Unable to join some large rooms due to high RAM consumption #7339

rihardsk · 2020-04-23T21:54:27Z

Description

Joining some large rooms, such as #freenode_#haskel:matrix.org (1.4k members), fails because synapse eats up all the available memory leading to it being forcefully stopped. I've configured my system to limit synapse to 3.5 GB of RAM. Upon joining, synapse first spends some time doing some processing (seeing high CPU usage, RAM usage close to baseline 500 MB) and after a while the RAM consumption starts to steadily climb until it reaches the 3.5 GB mark when it has to be killed.

Here are the logs from the moment of joining the room up until synapse getting killed
ram-crash.redacted.log
The request for joining the room comes in at line 28. On line 564 synapse stopped printing anything to the logs and just maintained high CPU usage while steadily growing RAM consumption for ~1 minute until being killed.

Joining other large rooms, e.g., #matrix:matrix.org (3.2k members), #synapse:matrix.org (1.2k members), works fine (haven't monitored RAM consumption when joining but i had the same limits set). Some other person on #synapse:matrix.org reported joining a room with ~20k people with RAM consumption going up to ~1.1 GB, which leads me to suspect that i might be seeing something abnormal in my case. Am i?

Other than this issue, synapse seems to be working fine. I'm willing to repeat this and do some profiling if necessary.

Steps to reproduce

try to join #freenode_#haskel:matrix.org
watch as synapse's RAM consumption grows to > 3.5 GB

Version information

Homeserver: my private homeserver
Version: 1.12.1
Install method: NixOS

Platform: latest NixOS master branch (commit 01c8795673ecff6272895a085e9fe1ffa3b33620) running on a rockpro64 sbc (with a custom patched kernel).

The text was updated successfully, but these errors were encountered:

babolivier · 2020-04-27T17:11:40Z

The "size" of a Matrix room isn't described by its number of users but the number of state events (e.g. joins, leaves, kicks, bans, changes of name, topic, power level rules, join rules, etc.) in its history. To summarise, there is a component to Matrix called the state resolution algorithm that's in charge of resolving clashes between two servers that got out of sync regarding what state a given room currently is. This algorithm works through the whole state of the room, and needs to load most (if not all) state events in that room in memory to work. This is what's making Synapse so hungry on RAM when trying to join a large room, because it needs to retrieve and authenticate every state event, which can be expensive for old rooms. If you're interested, how exactly this algorithm works has been explained recently on the matrix.org website: https://matrix.org/docs/guides/implementing-stateres

IIRC this is also the reason why some rooms can't be joined from small homeservers on modular.im.

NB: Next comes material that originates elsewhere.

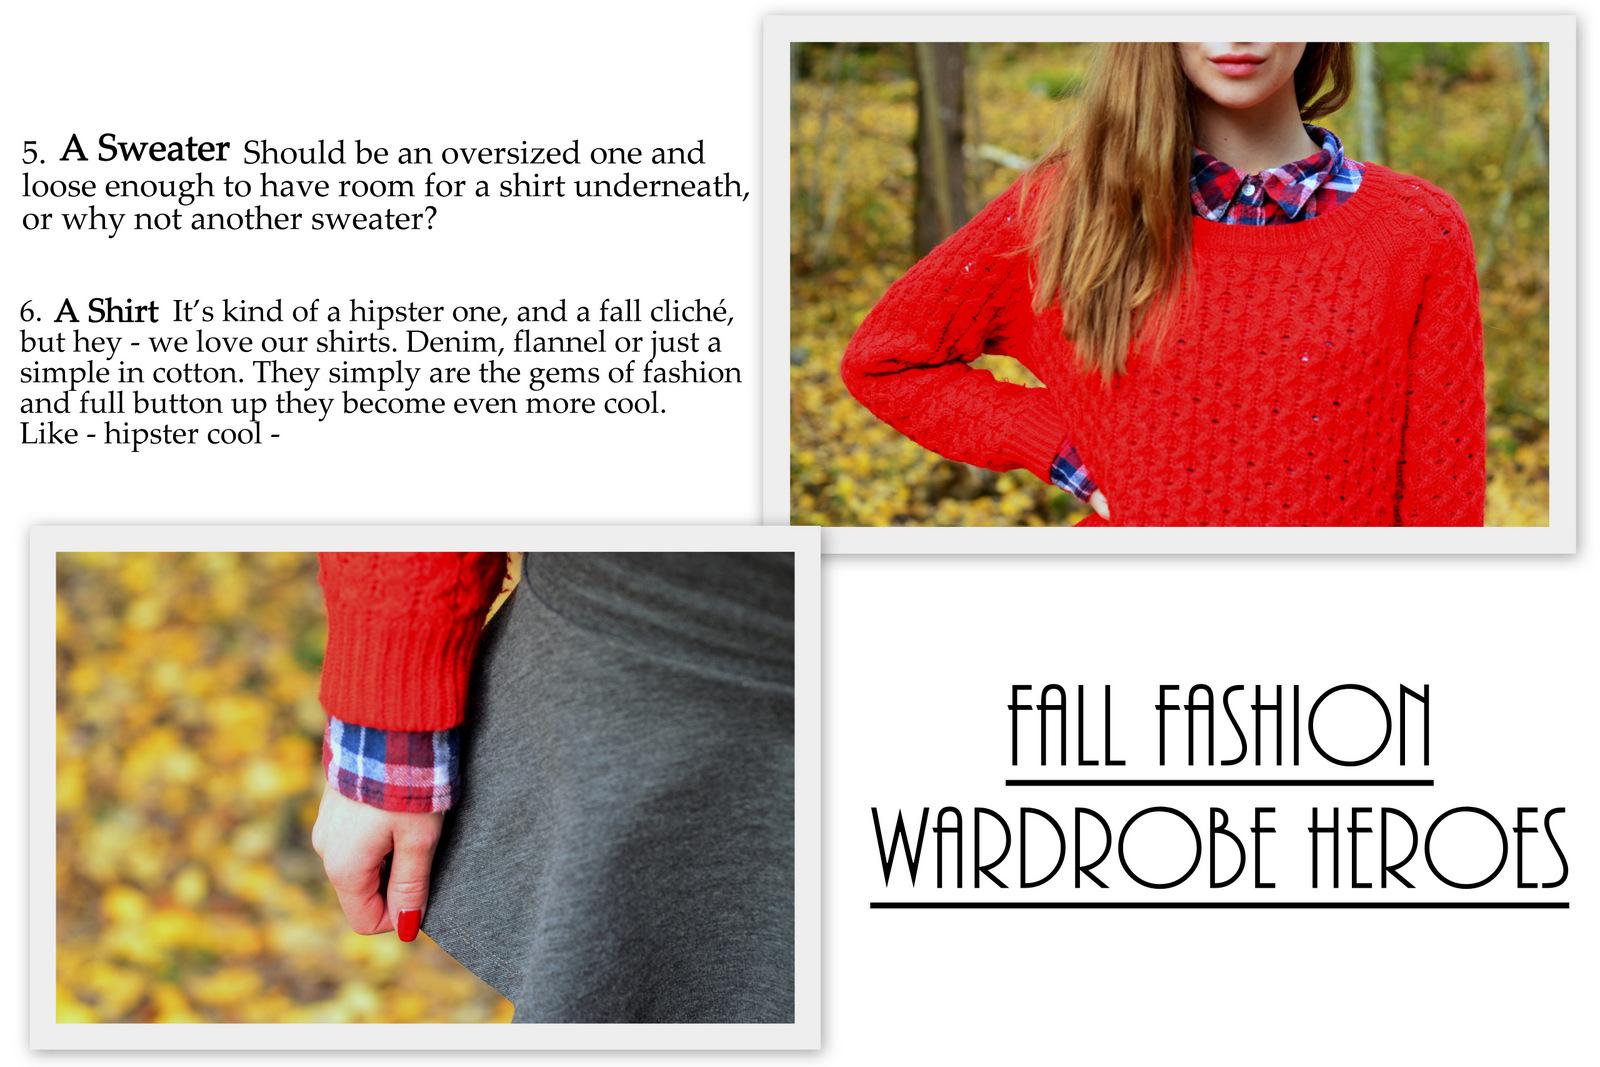 Fall Fashion Wardrobe Heroes1

The above is more a point of context and details than "it has a reason so it's not an issue" (because it definitely is an issue), and I don't think there's an open issue about that on this repo so I'll keep that one open to track the status of this.

c7hm4r · 2020-09-17T08:33:46Z

@babolivier: This algorithm [...] needs to load most (if not all) state events in that room in memory to work.

Every algorithm can be implemented using few RAM, but then maybe requiring more I/O to persistent storage (such as a DB) and being slower. This is a tradeoff decision.

The current implementation decisions exclude users of cheap hardware (for home servers) to join larger rooms. IMO this is a bug, isn’t it?

If the algorithm implementation would be tied more to the DB and the DB would appropriately implement caching, the memory usage behavior would probably be automatically more adaptive to the amount of available memory and maybe not that much slower with much RAM.

Another idea: Repeatedly check available free memory during execution of the algorithm, and if the requirements are not met, abort cleanly, send an error message to the user, and fall back to some (maybe less secure) alternative, instead of hoping for the OOM killer to do the right thing (after a phase in which the whole system nearly freezes).

mxvin · 2020-10-27T17:19:55Z

What I think is, why don't we just give these chore to the homeserver of that room resides?
Say that I wanna join to X homeserver room, Just talk to X HS "Hey, I wanna join "xyz" room" and our HS also saving the state that we join "xyz" room of X HS. Then, event history sync and Future transaction like texts, media etc... just make our homeserver proxying that straight from X Homeserver ( I guess media delivery also using this approach too)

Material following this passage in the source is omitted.